C’est l’heure des explications. Lors d’une interpellation écrite du député wallon, François Desquesnes, les ministres Tellier et Borsus avaient tous deux confié ne pas inclure de représentants de citoyens dans les comités accompagnant les études commandées. Pour rappel, dans le courant du mois de février, le ministre de l’Aménagement du territoire avait déclaré lancer une étude complémentaire à celle réalisée par le créateur du projet, Elia. Alors que Céline Tellier, en charge de l’environnement, s’attachée elle à évaluer l’impact des ondes magnétiques d’une telle ligne à très haute tension, à travers une étude d’experts. L’objectif était d’apporter un maximum de réponse, de manière objective.

Du côté de Willy Borsus , on confirme l’intervention d’un comité de suivi qui comporte des représentants de son administration. Les citoyens craignaient alors d’être muselés dans l’avancée de cette étude.

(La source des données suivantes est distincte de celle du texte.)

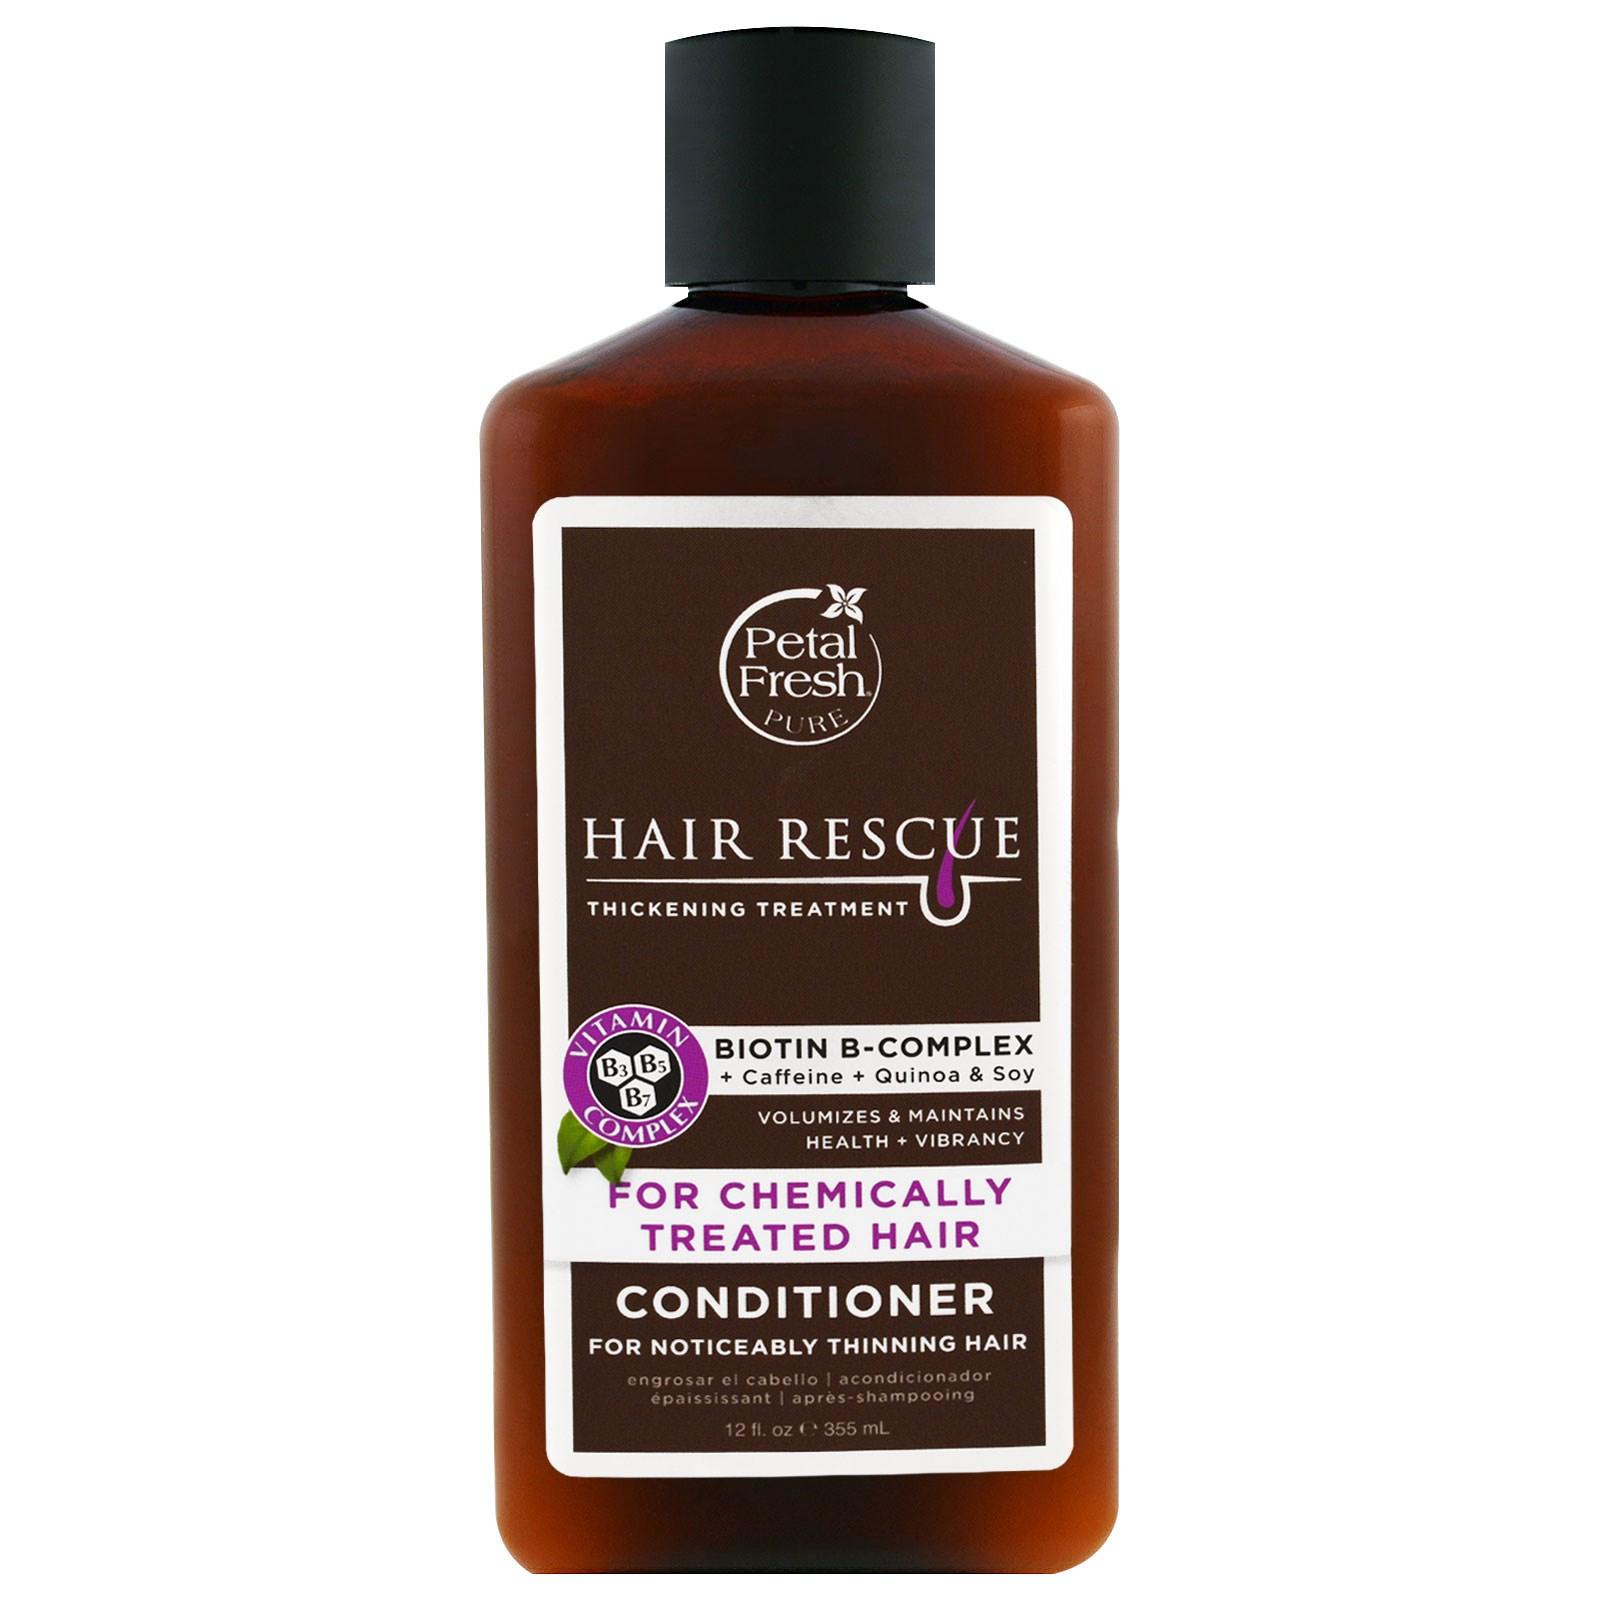 Petal Fresh, Серия Pure, восстановление волос, кондиционер для истонченных волос, для обработанных химическим составом волос, 12 жидких унций (355 мл)

Le ministre a tenu à être clair à ce sujet. "Personne une seule seconde ne pourra croire qu’avec l’intention que je réserve, et que nous réservons à l’écoute des citoyens dans ce dossier, qu’il y ait quoi que ce soit qui les écarte d’une possibilité d’exprimer leurs propos et leurs convictions", déclare Willy Borsus au parlement wallon."Dans l’histoire de la région, je n’ai pas de dossier qui aurait été mené avec une telle amplitude de multiplication d’expertises, de concertations citoyennes et de transparence à tous les étages et à tous les niveaux."

Le ministre pointe également que ce comité de suivi est uniquement chargé de veiller à la bonne exécution du marché. Ce sera au tour de l’expert désigné d’être à l’écoute de toutes contributions, en ce compris, les comités citoyens. Par la même occasion, Willy Borsus confirme que le marché d’expertise relatif à la contre-analyse des études réalisées par Elia sera attribué dans les prochains jours.

Quant à la ministre wallonne en charge de l’environnement, c’est justement l’attribution du marché au CR4 de l’ULB, placée sous la direction de la Professeure Catherine Bouland , qui lui a été reprochée. Ce centre de recherche et sa directrice forment, avec d’autres centres de recherche universitaires, le groupe belge BioElectroMagnetics ( BBEMG ) qui étudie les effets sur la santé des champs électriques. "Le problème ici, c’est que les recherches effectuées par le groupe bénéficient en partie d’une contribution financière d’Elia ", avait précisé François Desquesnes . "Il est difficile à croire que ce groupe est donc totalement objectif envers le dossier." `

Sur ce point, Céline Tellier défend son choix. "Je pense que c’est important de faire confiance à l’honnêteté et l’impartialité de nos institutions universitaires", explique la ministre wallonne. "Il existe des outils qui assurent l’indépendance des scientifiques du monde universitaire. Une charte garantit l’impartialité des experts sélectionnés par rapport aux institutions privées qui les financent pour partie. Elle prévoit également une révision par les pairs, car eux aussi devront confronter leurs études à des scientifiques d’autres institutions." Elle précise également que l’étude concerne les lignes à haute tension, mais n’est pas centrée uniquement sur la boucle du Hainaut. "Nous souhaitons que les experts se concentrent sur l’objet de l’étude, dont je rappelle, les délais sont courts." Les comités de citoyens ne devraient pas tarder à réagir après ces explications.